The Big Five

January 15, 2011

Every morning, as the sun would start to peek up over the ridge and through the sugar cane, we would stir. The heat would arrive quickly and so after a quick snuggle, and the donning of a t shirt, flip flops, and the obligatory leash, Gunner and I would leap from the balcony of our little house in Yomitan Village, walk/frolic between the sugar cane fields and their farmers, literally through the hibiscus bushes bordering the sand and burst onto the beach. And we would run up and down and up and down the shore, trying to get the other to chase us into the water and back out again, until the tide would receed, or we just couldn’t run any more without eating breakfast first. So then we would brush off a bit of sand (but not nearly all of it) and wander back up the little hill to our house where the hose was waiting to spray off our feet (and bellies) and the rest of the glorious day awaited.

This was life in Japan for little Gunner and I. This was our everyday for nearly four years. We look forward to our mornings so very much. It was everything that this little fuzzy man knew from the moment he became our puppy. And it was how I survived in a foreign country, where I couldn’t read a word. But I was never helpless or hopeless because he was there with me – to run on the beach.

I hold those mornings on the beach so close to my heart and remember this roly-poly little one bumbling in the sand. The loss of these mornings broke my heart when we left Asia. There were so many of them when I would find myself staring out at the ocean, and as his tiny furry body leaping with joy in the waves, completely oblivious to the fact that there were wars going on. That we were thousands of miles from the people that loved us. Or even that I had a list of things to-do to keep our house in the cane fields up and running and not infested with snakes or bugs or sand from the beach. Nope. Joy. It seeped from his little being and still does each day. He is such a WONDERFUL reminder that we mustn’t spare any moment of joy, and that really, joy is in everything and all around us.

Gunner turned FIVE years old today. I can hardly believe he is so big and no longer a “puppy,” (even though he always will be to me.) To celebrate, we could think of nothing more appropriate than to take him to the beach here in San Francisco – he loved every minute…surely equally as much as we did (but maybe not more.)

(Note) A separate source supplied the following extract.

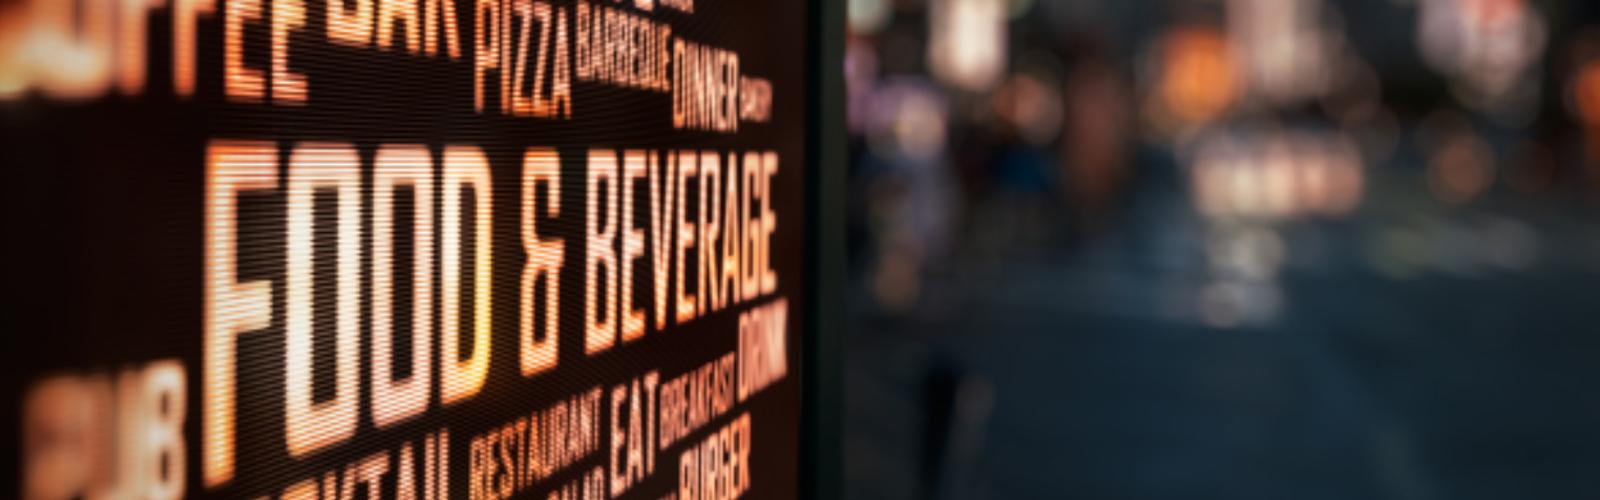 Why is Digital Signage Gaining Popularity

Life has changed leaps and bounds from those days in Japan. my days are no longer spent “merely” keeping house, learning Japanese, or filling days with activities as I wait for Derek to return home from deployment. In fact, this was my first week at my new job with Backroads, putting to use all that worldly knowledge I gleaned during those years in Japan. It was an exciting week in several respects, and a dark, difficult one at the same time – I feel so very lucky to work with so many adventureous, joyous, and generally blissful people and this week, out of the blue, we lost one of our own. A beautiful, vibrant, happy woman whom was healthy, and spreading her colorful spirit with the world one minute, and gone the next. Her passing took a toll on each of us, and reminded us all of how lucky we are for the time we have, for our loved ones, and for the joys – no matter how simple – in our lives. I did not know her well, but the loss of her in our community undeniably impacted each of us.

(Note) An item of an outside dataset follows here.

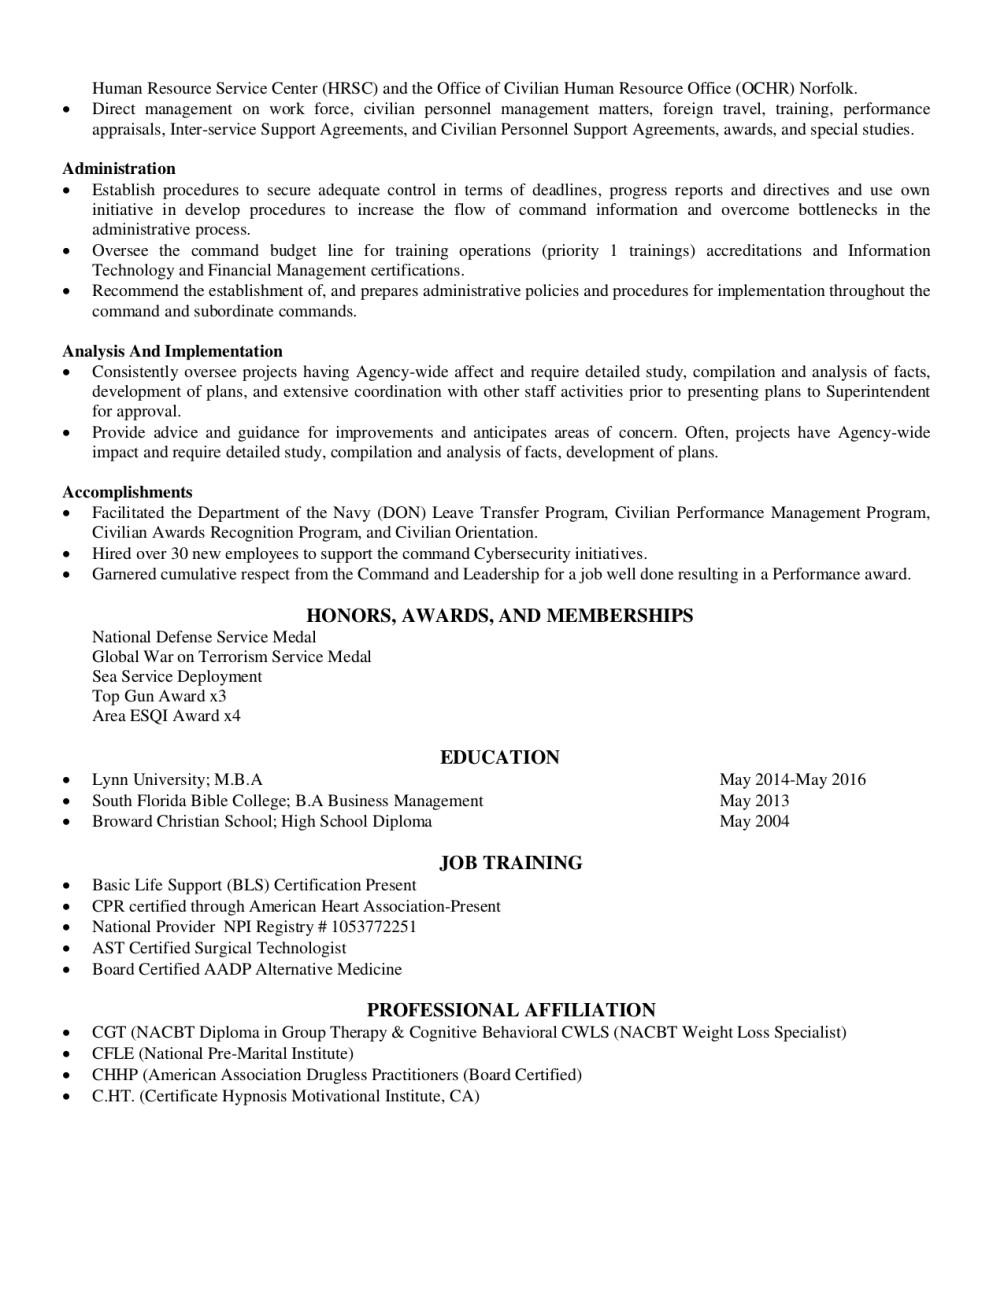 recommendation letter for travel agency - Emayti

Its always strange to realize that the sun is shining outside, but inside your heart is dark. Watching Gunner play on the beach today reminded me to brighten up. To take pause, to take a deep breath and soak up all that was around me. His frolic was a celebration of him, of his life, but also of mine. Of all of ours. This little fuzzy man of ours is a constant reminder of forgiveness, of non-judgement. His pure little heart is so good at reminding me always to listen in, to slow down, to take a moment to flop on the floor and cuddle, and to be joyous with the small things. Somehow, today,  the sun, and the sea and the sand on Gunner’s belly as we trekked back to the car when the splashing/barking/leaping was through was very big. Just like FIVE should be.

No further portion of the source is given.